The graph you have shown is not the cpu %, it is the load average graph which is extremely difficult to interpret what it is saying.

The cpu graph is on the same WUI page but the graph above the Load Average graph.
Does that cpu graph show 100% of system or user cpu usage?

EDIT:
I missed that you had provided top output and this shows that the cpu has virtually no load.

On that basis I would not worry about the Load Average Graph. I have no idea what it is actually telling you. I would have to go and look at the code to figure that out.
I believe it is a composite calculation of several things but what the final result actually means, I have no idea.

Hello Adolf

Thanks for the quick help.

The other two diagrams on the “System” page look like this:

At the graphic “Load Average Graph” (first post) you can see how the CPU load increases from 0 to 100% with the upgrade from 03/15/24.

The computer on which Ipfire runs is only passive and the cooling ribs are always quite warm (approx. 45 ° C) without great data traffic.
The CPU load is not really bad now either. Maybe the problem will take care of one of the next upgrades on its own 
 :slight_smile:
Thanks again,
greetings Torsten

Yes, I can see that it has gone up. However it is not 100%. The axis of that graph is average number of processes, so it is at a level of 1 process. You can have it go higher, on my system currently there was recently a peak up to 1.25 average number of processes and on the wiki page it shows a peak value of 4 processes load average for a short time.

I understand that as it occurred after an update and that it is staying at that higher level, it gives concerns but unfortunately I have no idea how to figure out what is making it do that.

Your cpu level is running on average at 0.25% with a max value of 3%. Based on that is why I would say not to worry about the Load Average Graph.

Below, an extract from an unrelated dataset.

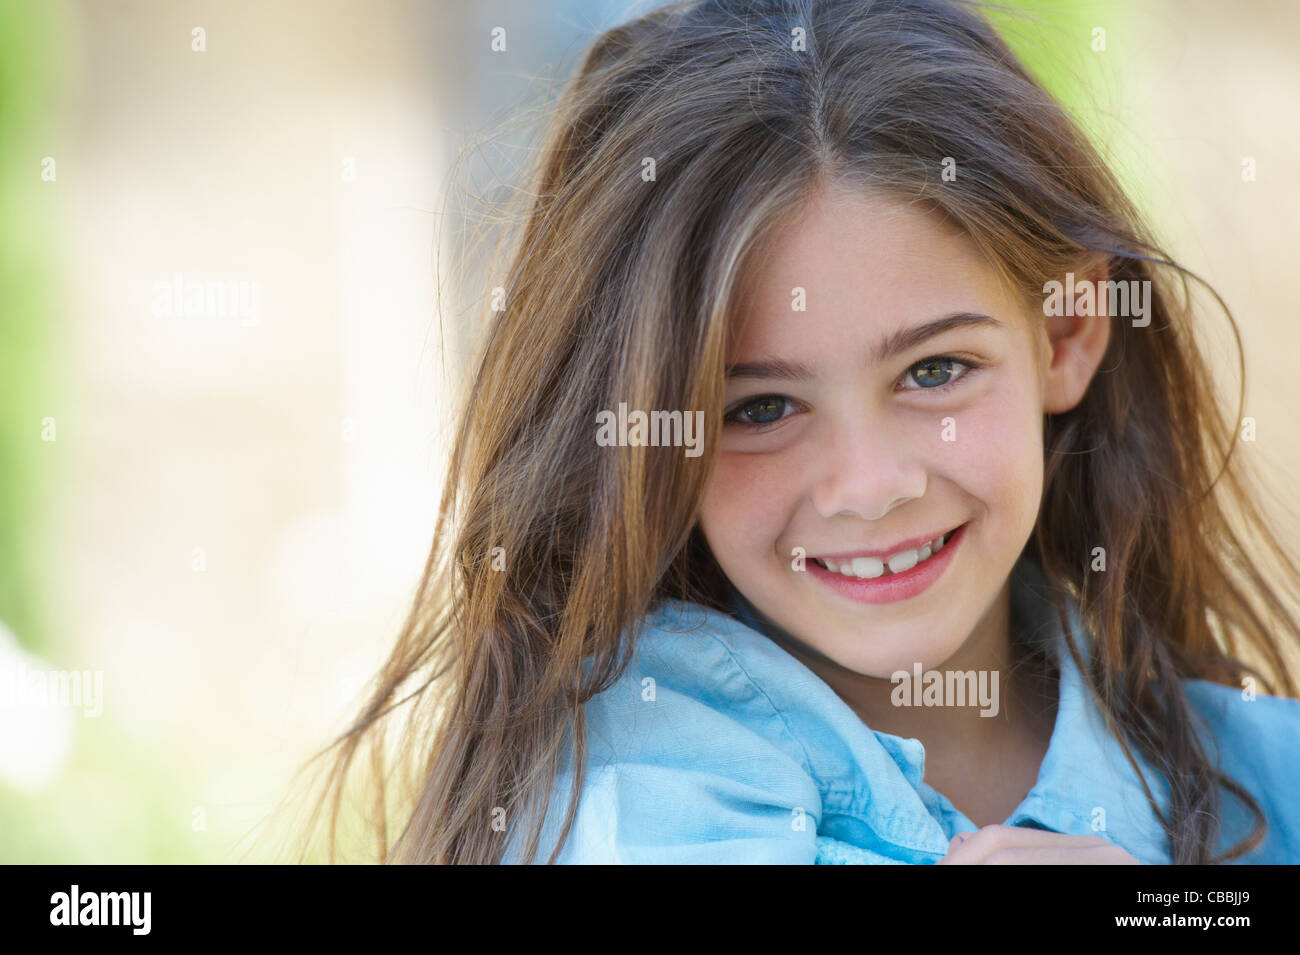 Close up of girl’s smiling face Stock Photo

This seems to be a graph that raises more questions than it is able to answer and it is not one that I usually bother looking at as I don’t know what it is telling me.

Sorry I can not help more. Maybe someone else has some other ideas.

2 Likes

Hello Adolf

Yes, i can see that it has gone up. However it is not 100%. The axis of that graph is average Number of Processes, so it is at a level of 1 process.

Ok, if you can read, it is clear :slight_smile:
I keep an eye on the diagram and get back here when something happens in this regard (after an upgrade ?).

Thanks again for the help.
Greetings Torsten

Just for fun here is my graph


cpu graph

Are you using some addons or features which may have gone into an intensive ‘listen loop’?
My values for the same period are
1 minute: 0.11 5 minutes:0.09 15 minutes: 0.07

Addons are apcupsd, QoS, OpenVPN.

The question was directed to @oberp. :wink:

Hello Bernhard
Addons in use: hostapd, htop, iotop, iperf3, lshw, nmap
services in use: cron, dhcp, dns proxy, logging, ntp, open-vpn, proxy, web

Greetings Torsten

I don’t have an answer. I will just add that load is not necessarily tied to cpu directly. Your Celeron J6412 has 4 cores. It can represent number of running processes if I remember correctly. What I remember is any load value that is less than number of cores is considered acceptable. In other words, if your load exceeds 4.0, then things will really bog down. The fact that you are at 25% of that capacity means things are still in a “normal” range. But still, it is unusual and different from before your C183 update and should be investigated. Could you show a screenshot of your Services page? Including services and process.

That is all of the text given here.